= Robert Osborn (newspaper editor) =

Jamaican newspaper editor

Robert Osborn (1800–1878) was a Jamaican newspaper editor and campaigner for equal rights for free people of color.

==Campaigner for equal rights==
Robert was born on 5 April 1800, the son of Kean Osborn, a white Jamaican planter of Scottish descent, and a woman of colour. Kean Osborn served as speaker of the House of Assembly of Jamaica in 1798. When Kean died in 1820, his will made no provision for his mixed-race illegitimate son, Robert.

In 1828, he co-founded The Watchman along with Edward Jordon. This Jamaican newspaper campaigned for equal rights for free coloureds in colonial Jamaica, and soon became a voice for the anti-slavery movement in Jamaica. After emancipation, Jordon and Osborn changed the name of their newspaper to The Morning Journal.

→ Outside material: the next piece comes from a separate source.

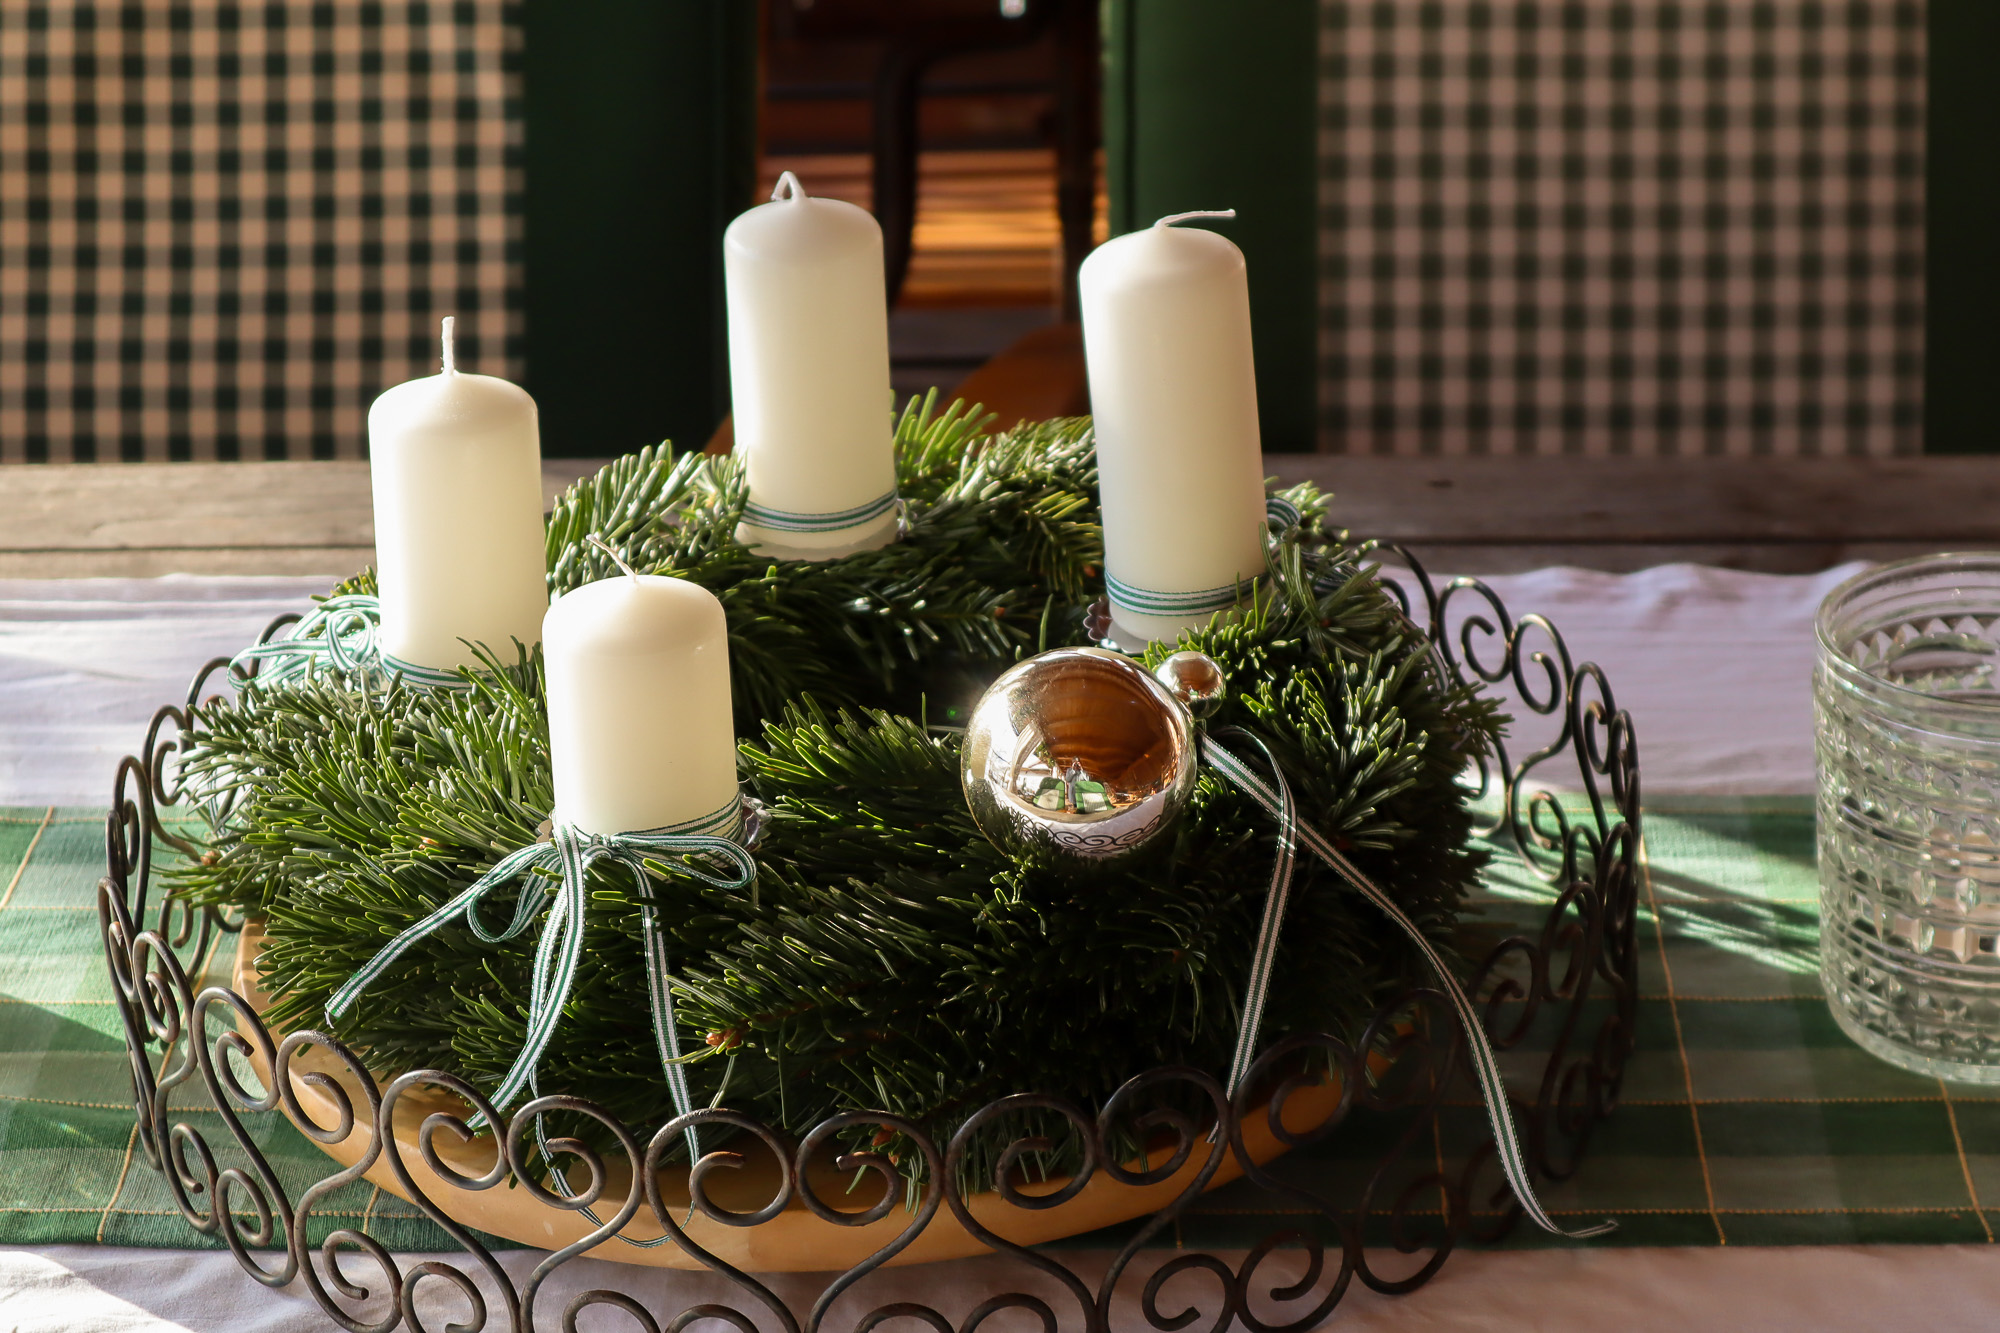 Adventkranz mit weißen Kerzen und frischem Tannengrün

In 1830, together with Jordon, he presented a petition to the Jamaican Assembly, which eventually agreed to grant free coloureds the rights to vote and to run for public office.

==Political career==
In 1832, Osborn won a seat on the Kingston Common Council. In 1835, he was elected to the Assembly, representing the parish of Saint Andrew. He remained in the Assembly until it was abolished in 1865, following the Morant Bay Rebellion.

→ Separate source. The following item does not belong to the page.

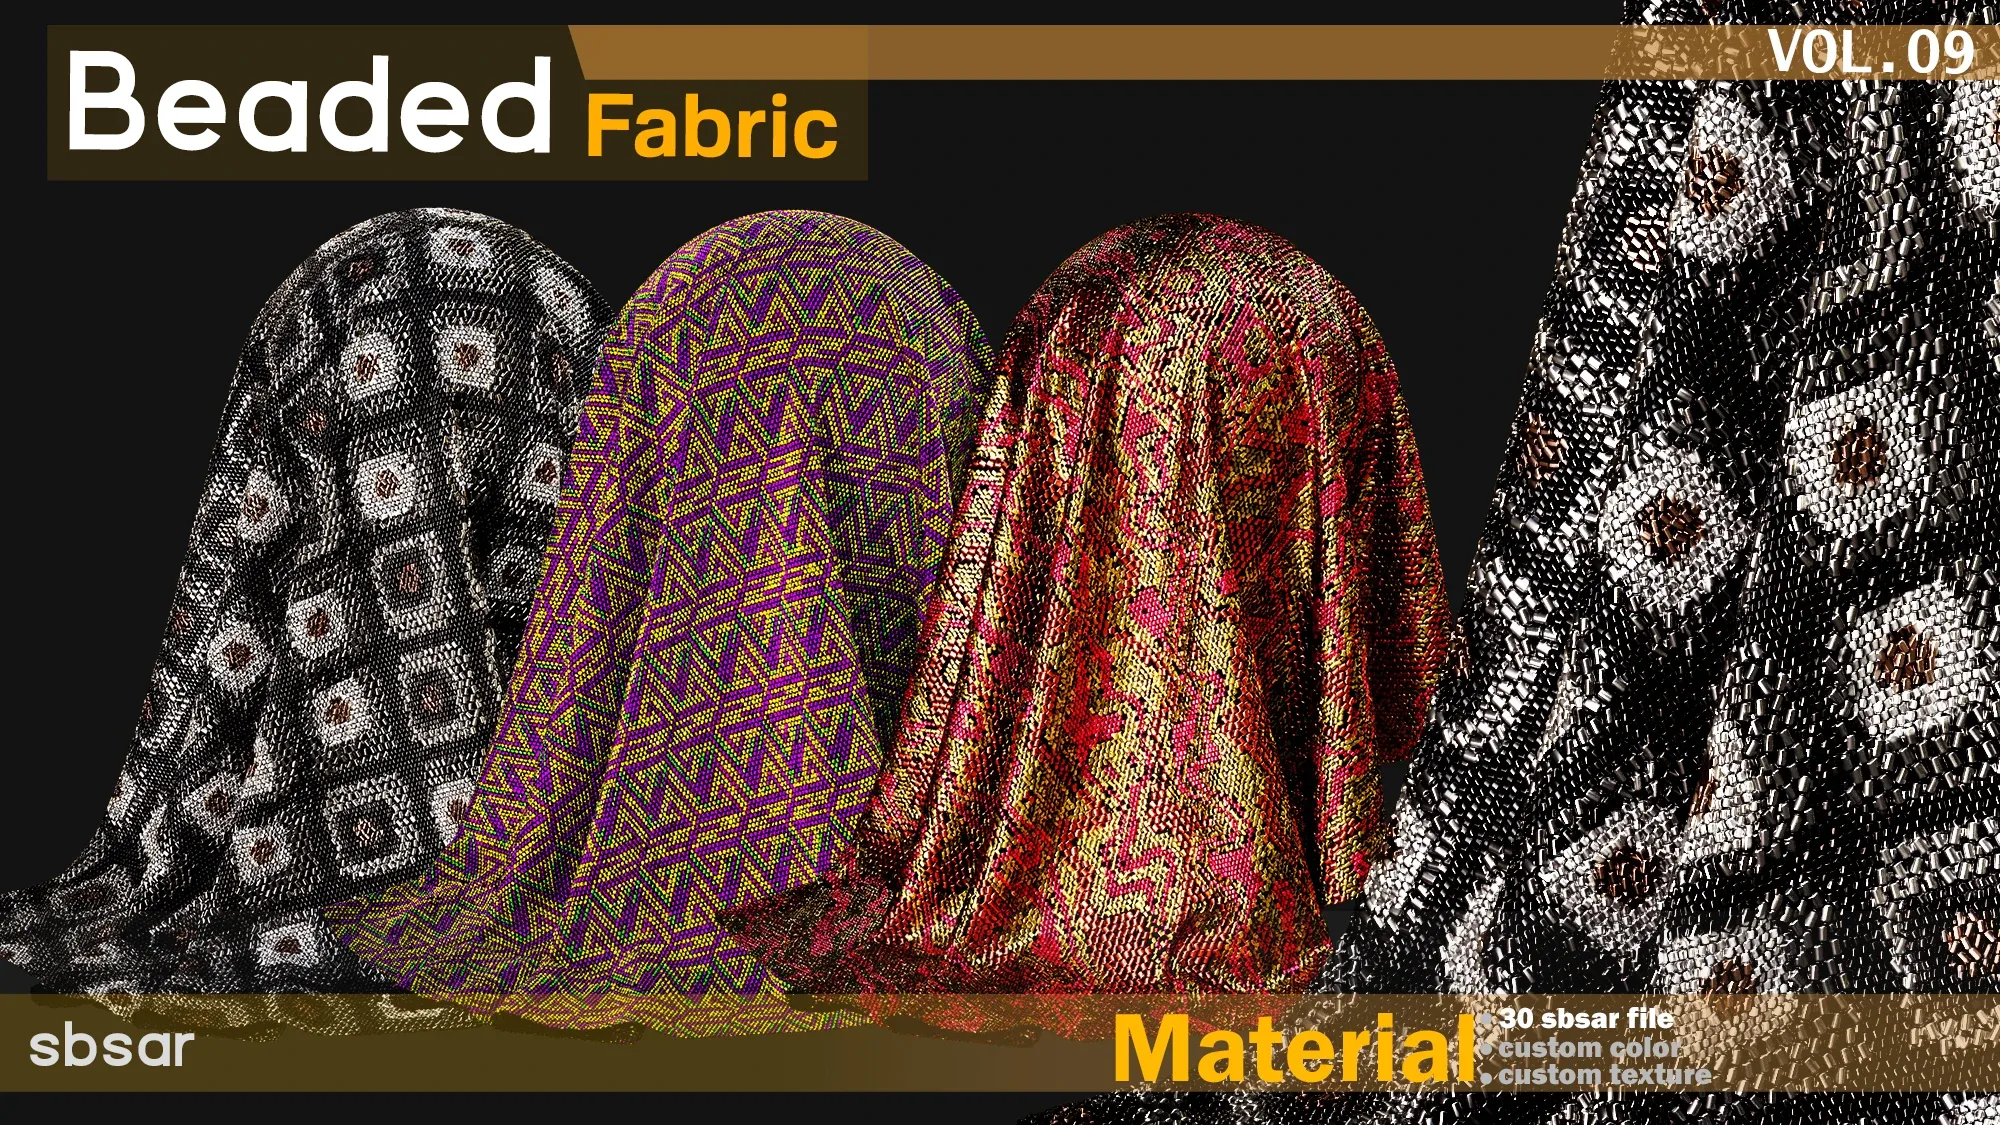 30 Beaded fabric Material -SBSAR -custom color -custom fabric -VOL 09

In 1833, Osborn unsuccessfully ran in Saint Andrew Parish, Jamaica, losing by the margin of 74-22, but he reversed that result two years later.

Osborn was an unabashed supporter of free people of colour. He was more radical than most members of the Assembly, including Jordon. In 1835, on winning his election in St Andrew, he gave a speech, saying, "I have been elected by a party, and it shall be my duty, if I live, to take my seat in the House of the Assembly to watch over the interest of that party, to promote their welfare, their honour and to ensure to them pecuniary situations." He later backtracked from that speech, under pressure from the governor.

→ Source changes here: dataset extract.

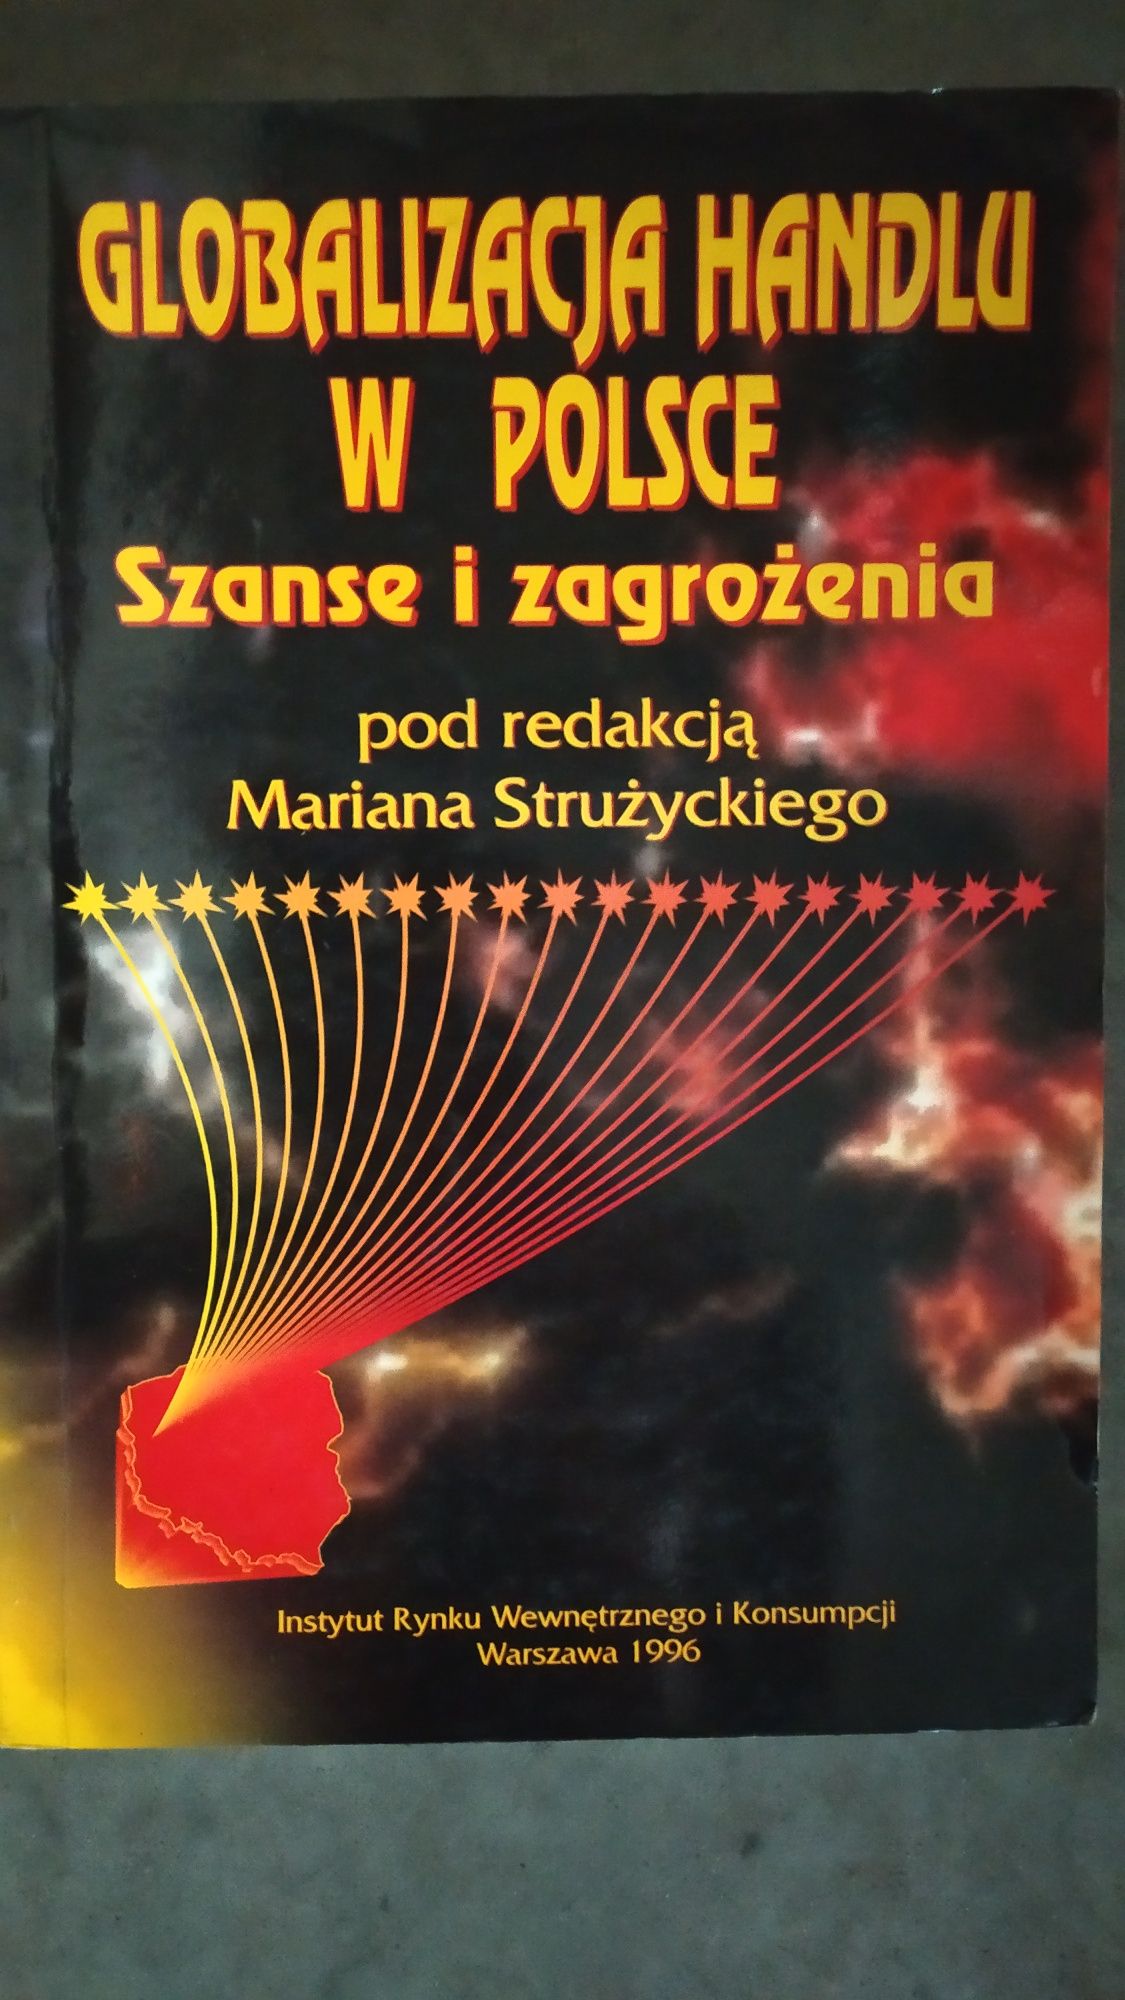 Globalizacja handlu w Polsce Marian Strużycki

==Removed from public office==

In 1861, Osborn disagreed with the governor, Charles Henry Darling, over some of policy decisions, and he made his opposition public through an editorial in The Morning Journal. Osborn supported a petition by over 100 of his constituents over destitute conditions and a lack of medical provisions. As a result, Darling removed him from the Privy Council.

In 1865, when governor Edward John Eyre abolished the Assembly following the Morant Bay Rebellion, Osborn strongly expressed his disapproval of the curtailment of Jamaica's democratic institutions. Osborn observed that, "...the wrongs of Africa are eventually be vindicated in this hemisphere." He predicted that, "...in the years to come, which none of us can live to see, the government of the colonies will fall into the hands of the blacks."

==Death==
Osborn died on 1 April 1878. His funeral was held at the Half Way Tree Church the next day.